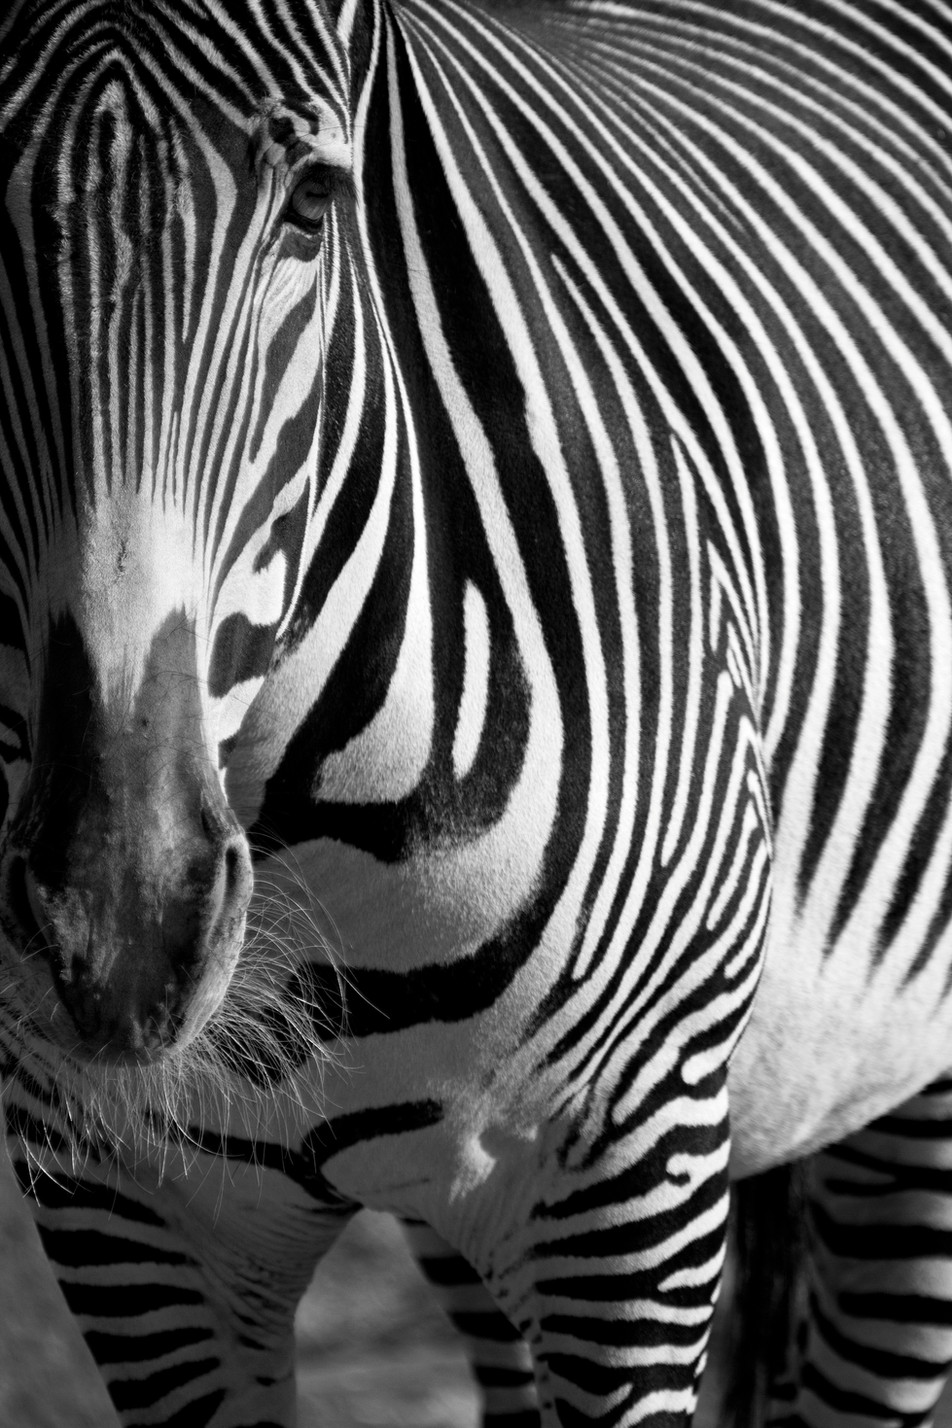 Zebra No. 02
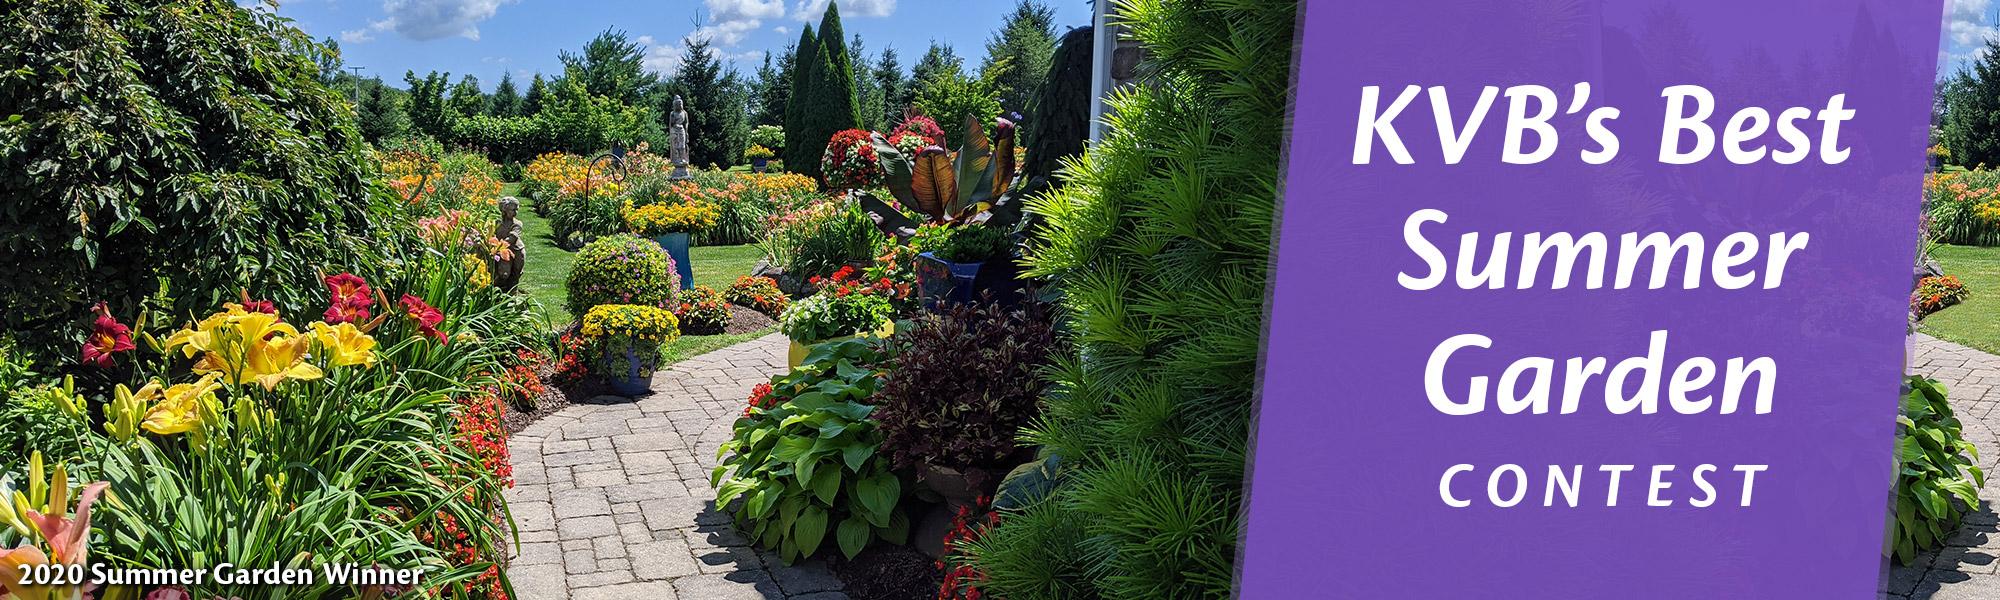 Summer Garden Contest
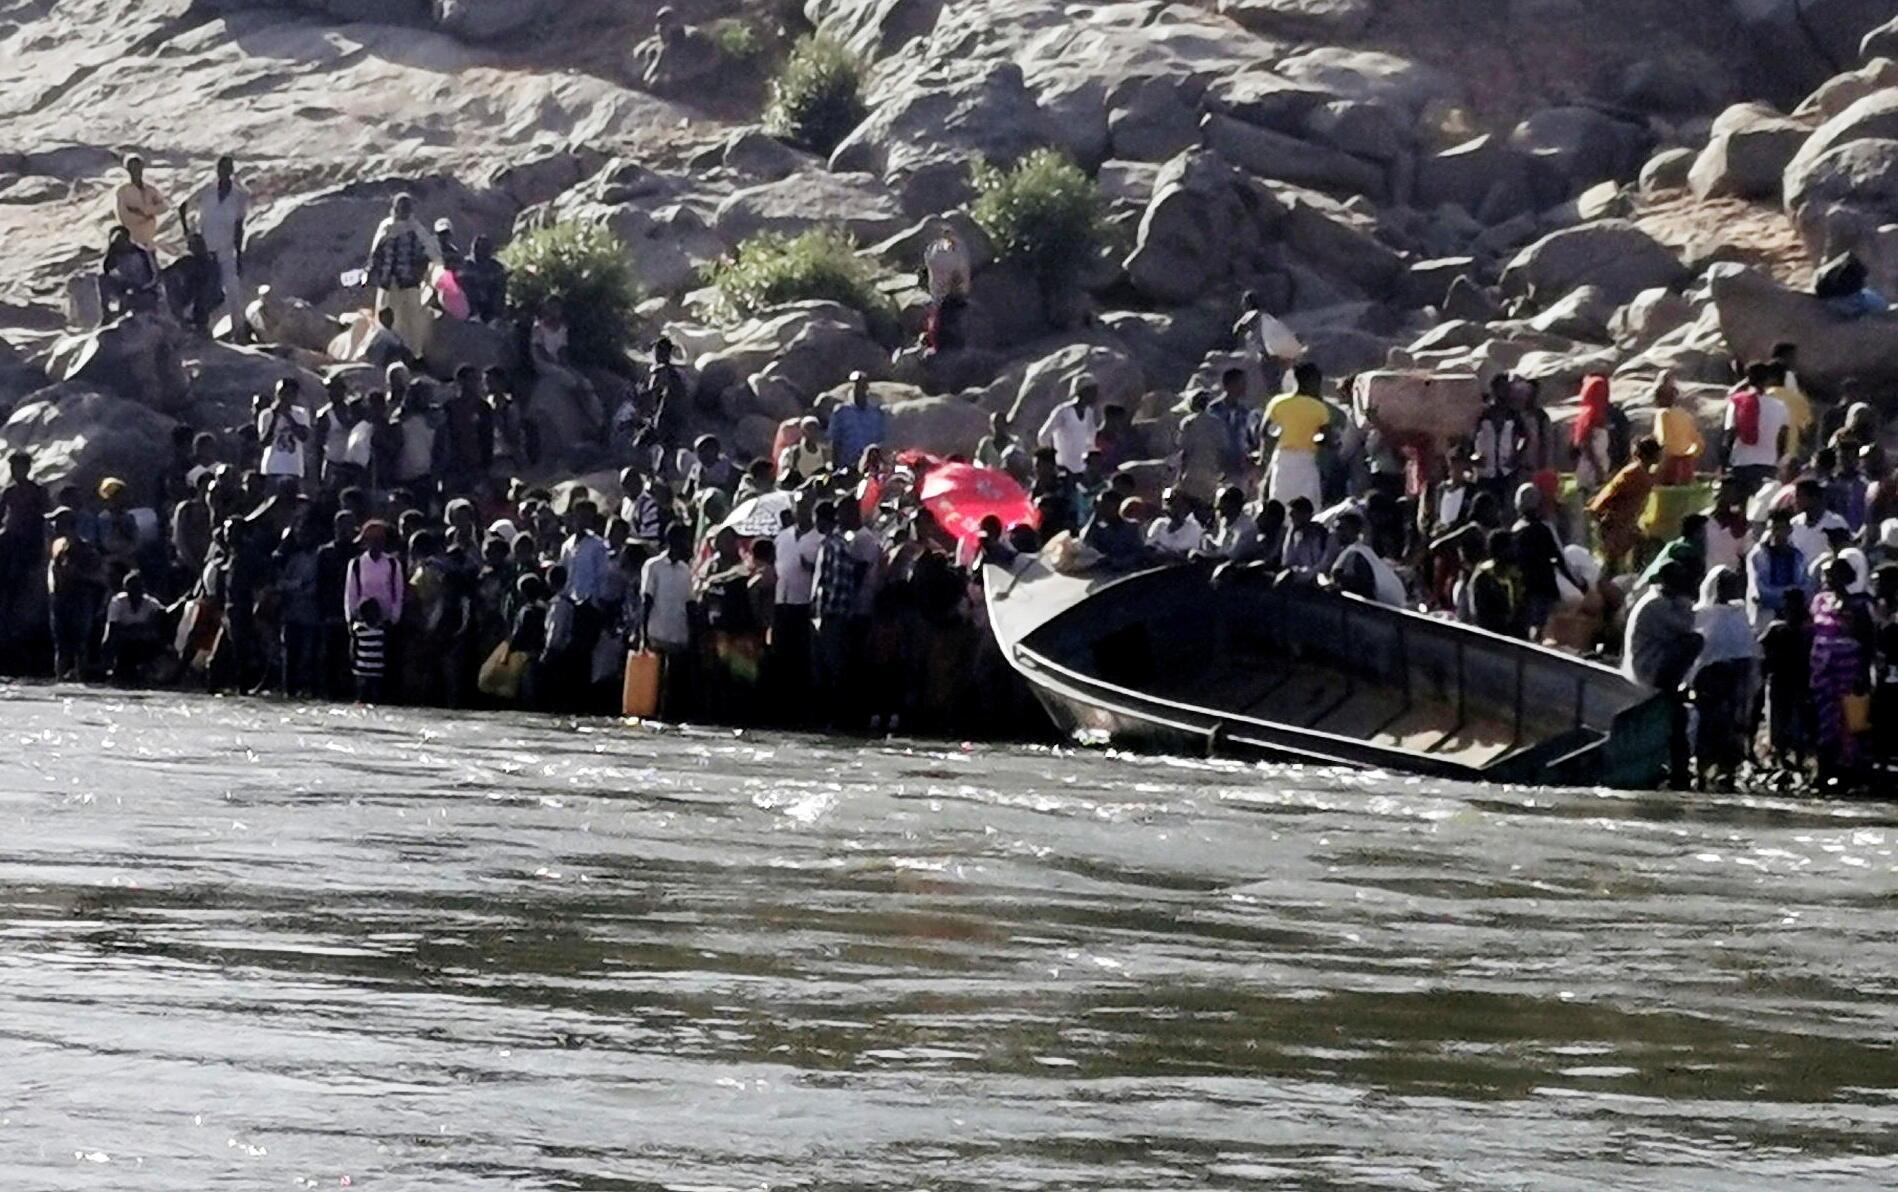 Des Éthiopiens fuyant les combats au Tigré se préparent à traverser la rivière Setit qui marque la frontière entre l'Éthiopie et le Soudan, au niveau du village d'Hamdayet, dans l'État de Kassala.

**WHAT YOU SHOULD DO**
Could you transcribe exactly the lines running from the one with "Summer Garden Contest" to the final line of the material above, both included, with no pictures?

**RESULT OF THE EXERCISE**
 Summer Garden Contest
 Des Éthiopiens fuyant les combats au Tigré se préparent à traverser la rivière Setit qui marque la frontière entre l'Éthiopie et le Soudan, au niveau du village d'Hamdayet, dans l'État de Kassala.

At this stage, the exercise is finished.